Sebab, kata dia, produksi biochar dalam jumlah besar secara tidak langsung berkontribusi pada pengurangan emisi karbon.

“Prospeknya untuk Indonesia besar sekali, ini bisa jadi bahan ekspor dan dipakai di dalam negeri. Ini sangat tepat karena berkaitan dengan perubahan iklim.

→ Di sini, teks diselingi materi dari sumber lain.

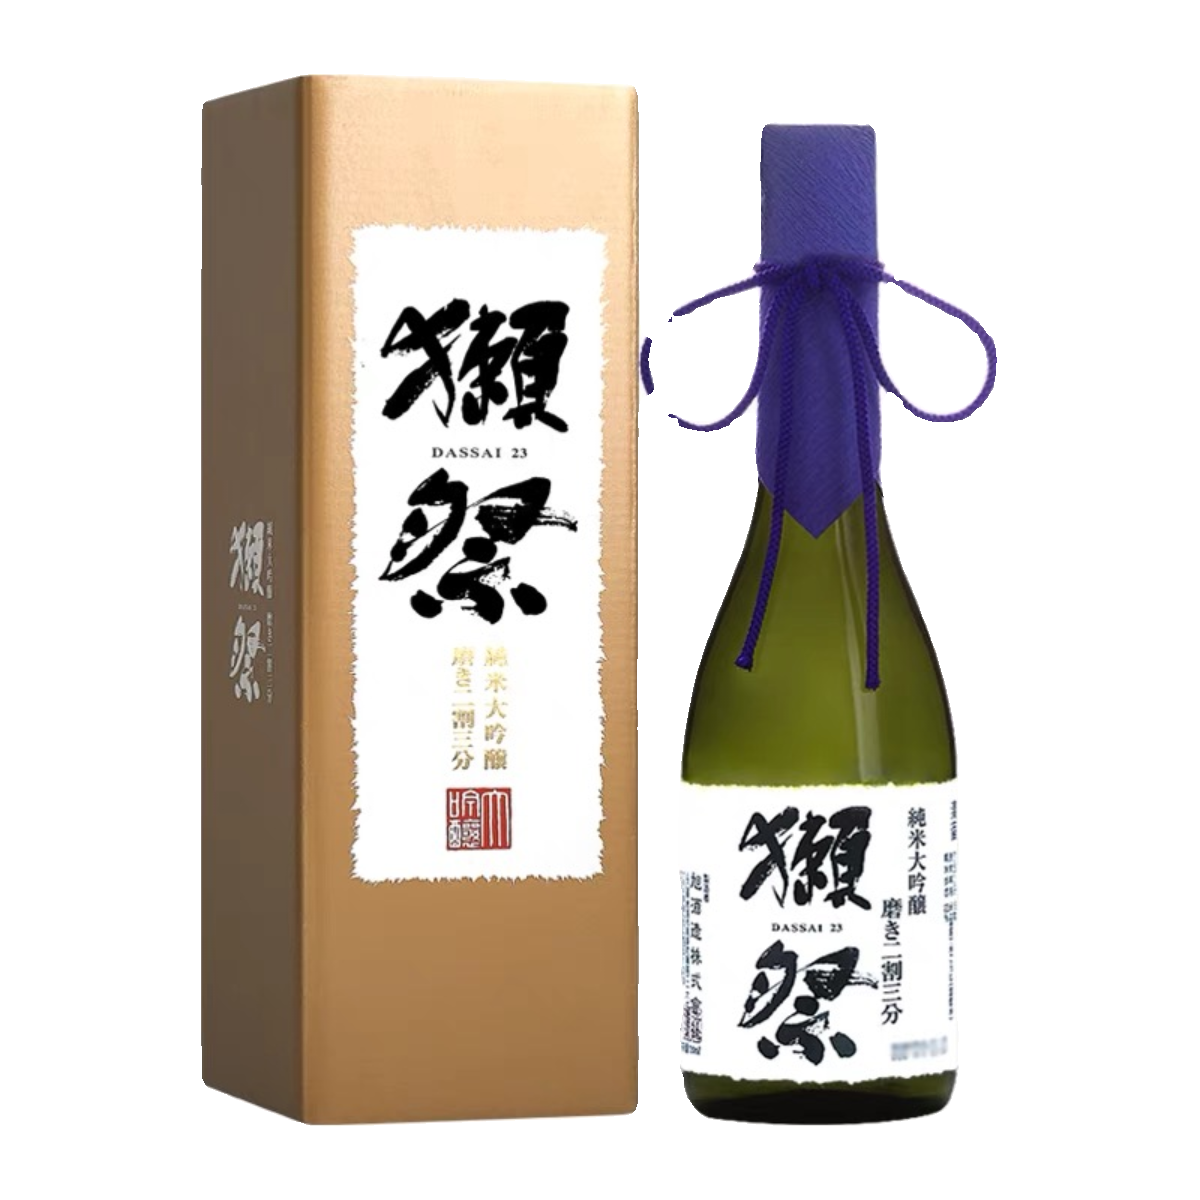 日本进口獭祭23二割三分三割九分清酒DASSAI纯米大吟酿寿司店濑祭 - 图2

Banyak perusahaan mencari proyek seperti ini,” katanya.

Hasil produksi biochar di pabrik yang ada di Majalengka, Jawa Barat. (ANTARA/Fathnur Rohman)
Sementara itu CEO SAWA Ecosolutions Phil Rickard mengemukakan bahwa pabrik tersebut dapat menghasilkan lebih dari 5.000 ton biochar per tahun, dengan rata-rata produksinya sekitar 19 ton per hari.

“Jumlah itu setara dengan lebih dari 5.000 ton pembuangan karbon dioksida yang terukur,” ujar dia.

Adapun proses produksi di pabrik itu, lanjut dia, dilakukan melalui dekomposisi termal bahan organik yang terkendali.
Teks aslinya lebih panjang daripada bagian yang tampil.